Gate opens for steel mergers

BY agreeing to sell two steel facilities, LTV Corporation and Republic Steel Corporation have now opened the way for a merger. The proposed linkup should strengthen the ability of the firms to compete with overseas as well as domestic steel producers.

The scaled-down merger proposal has been given a tentative approval by the US Justice Department. The department had rejected a merger plan between the same firms a month ago on the grounds that the combination would result in an ''unacceptably high'' concentration in a number of areas of steel production. Analysts are noting that the revised plan would go far toward preventing such a concentration. Thus, there seems no reason why the consolidation should not go ahead as planned.

As noted by J. Paul McGrath, who heads the antitrust division of the Justice Department, the original merger proposal of LTV and Republic, ''together with the (then) pending proposed merger of US Steel and National Steel, would have resulted in two companies having almost half of the US carbon and alloy sheet business.'' Also, the LTV-Republic linkup would have given the combined firm about 50 percent of the stainless steel market in the United States.

Since Feb. 15, when the Justice Department indicated its disapproval of the LTV-Republic linkup, the proposed US Steel-National Steel merger has been canceled.

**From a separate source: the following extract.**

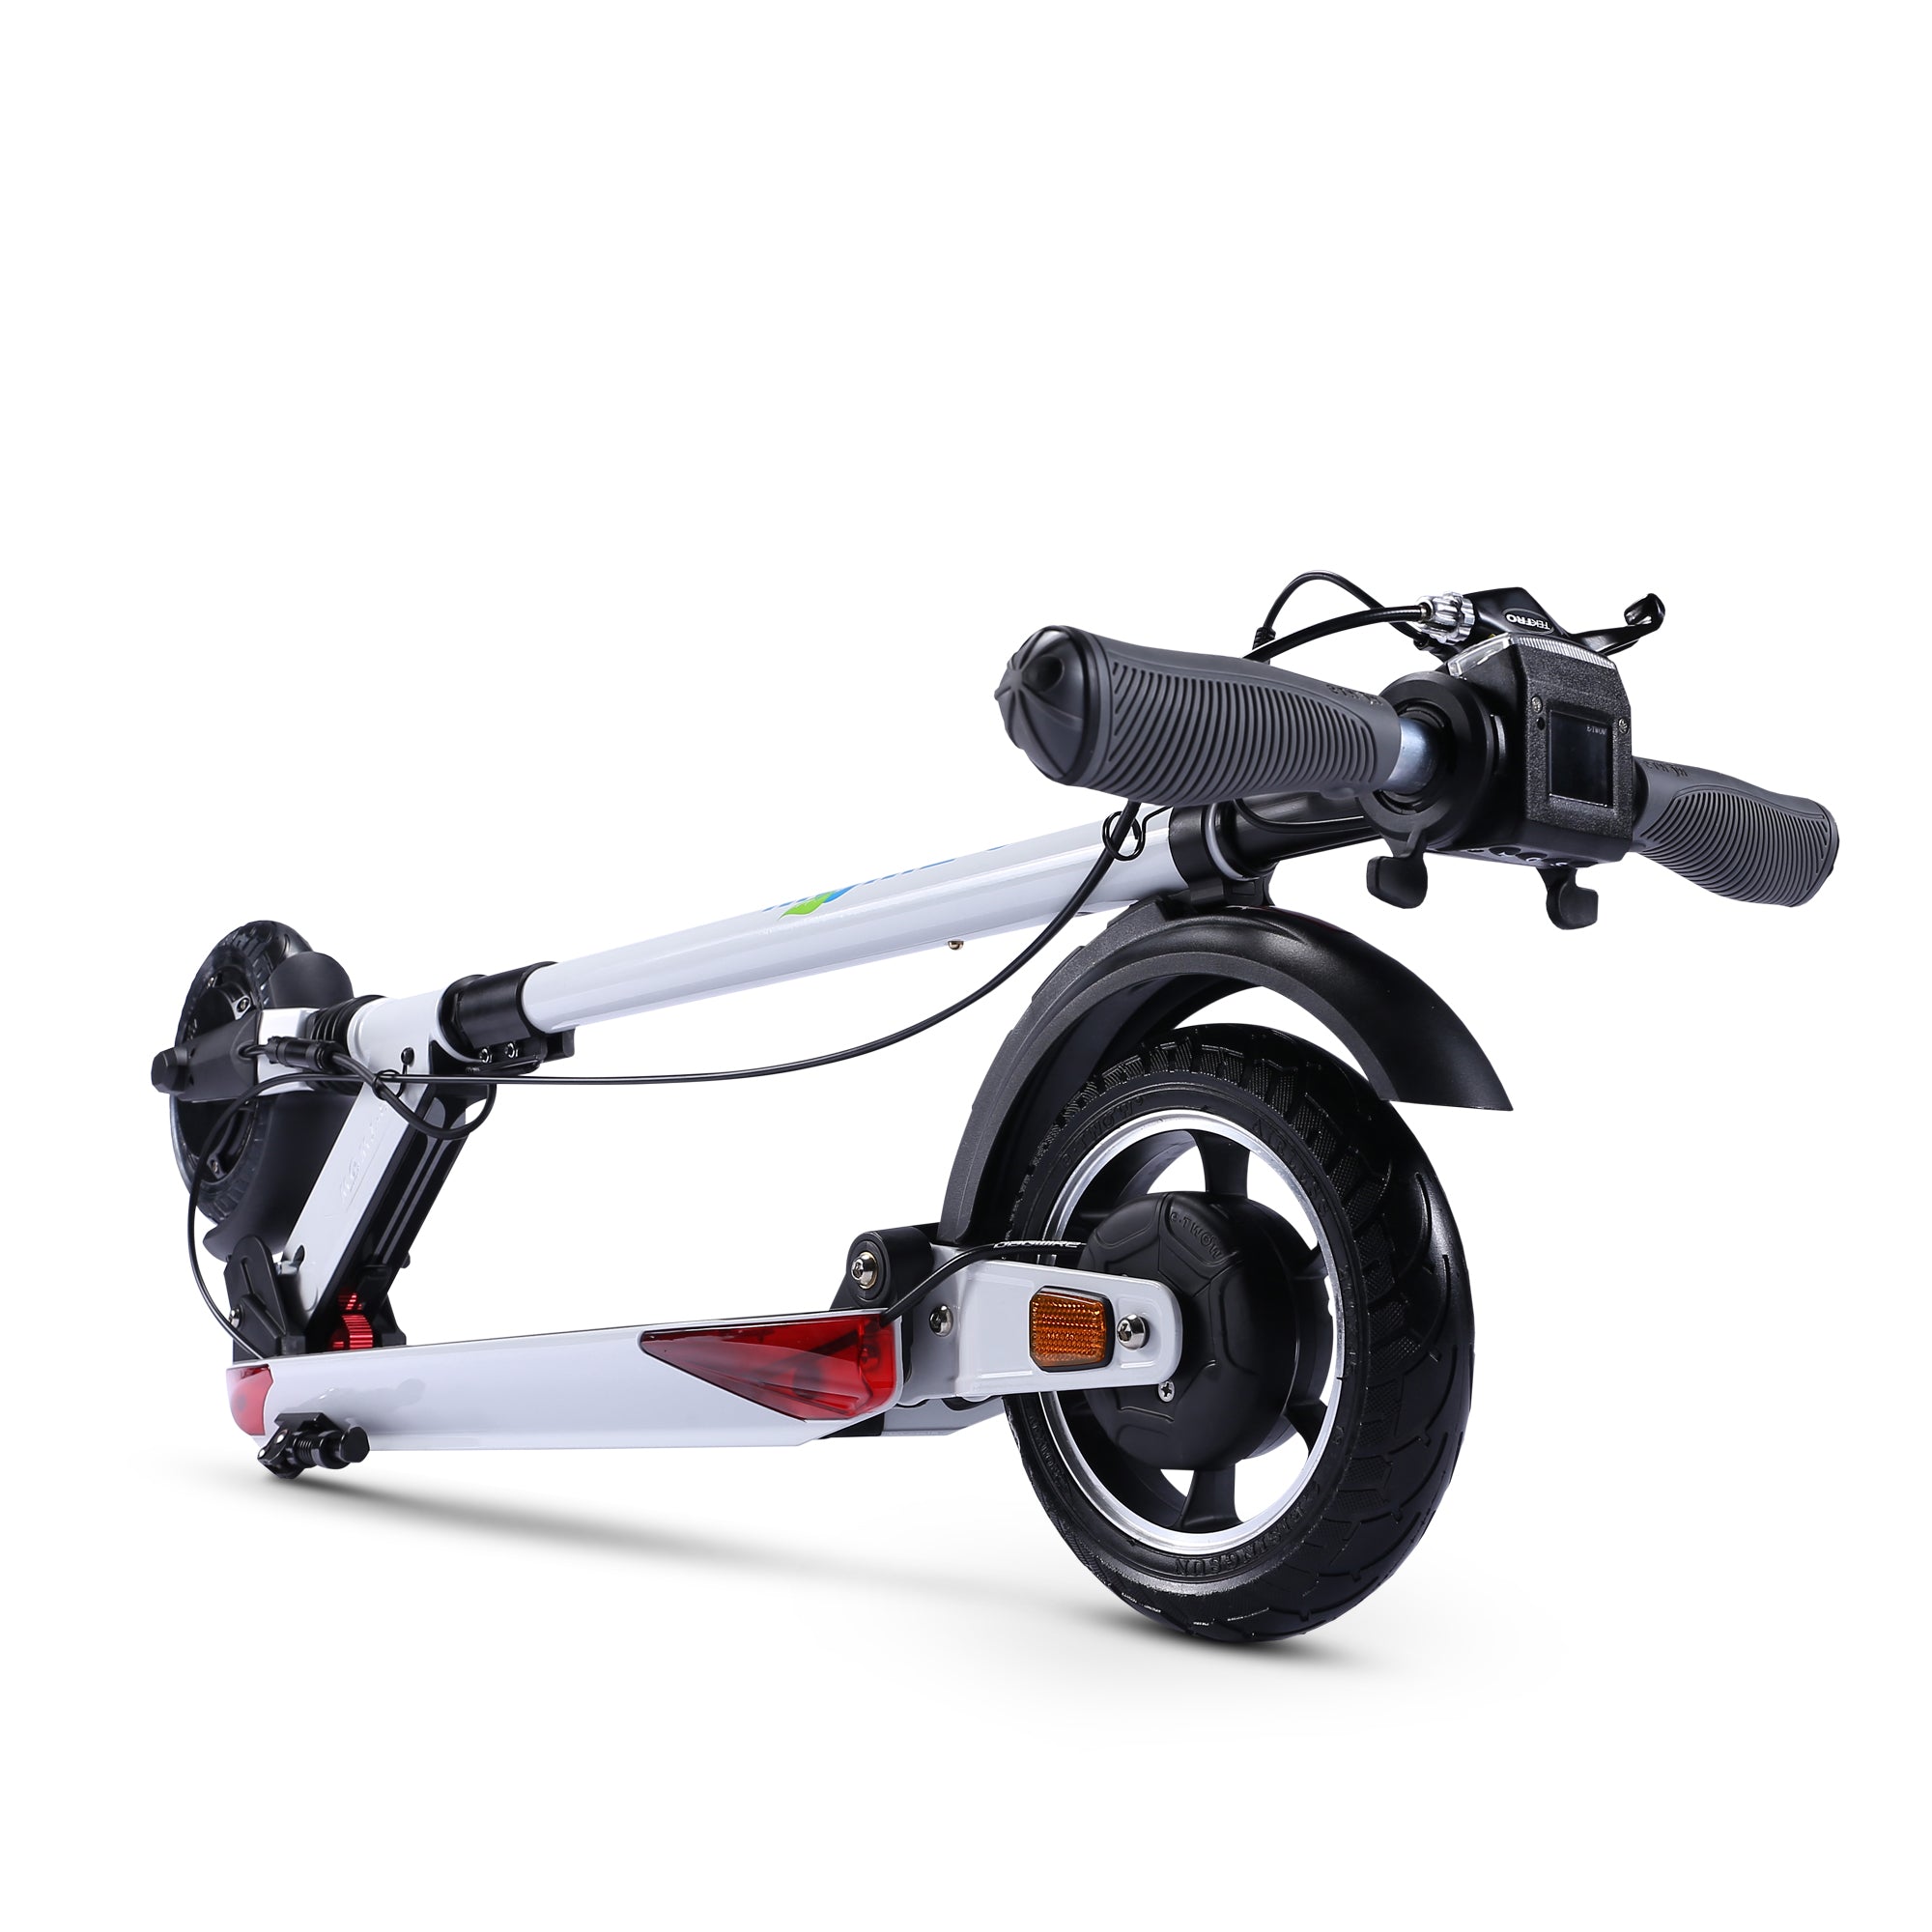 Buy The New GT which is top of the line for electric scooters.

Also, as argued by the Justice Department, the sale of two plants by Republic will avert any increase in concentration in cold-rolled stainless steel and carbon and alloy sheet steel.

On its face, the new merger plan appears to differ from the earlier proposal. Congress, of course, is expected to review the extent to which that is the case, in light of the criticism of the original Feb. 15 Justice Department rejection that came from top administration officials.

Each merger proposal should be examined on its merits.

Congress seems to be increasingly recognizing just such a principle, underscored by the redrafting this week of legislation that would have halted all oil company mergers for six months. The bill is now being refashioned so that currently proposed mergers would be allowed to go forward, although the mergers would still require formal federal antitrust approval.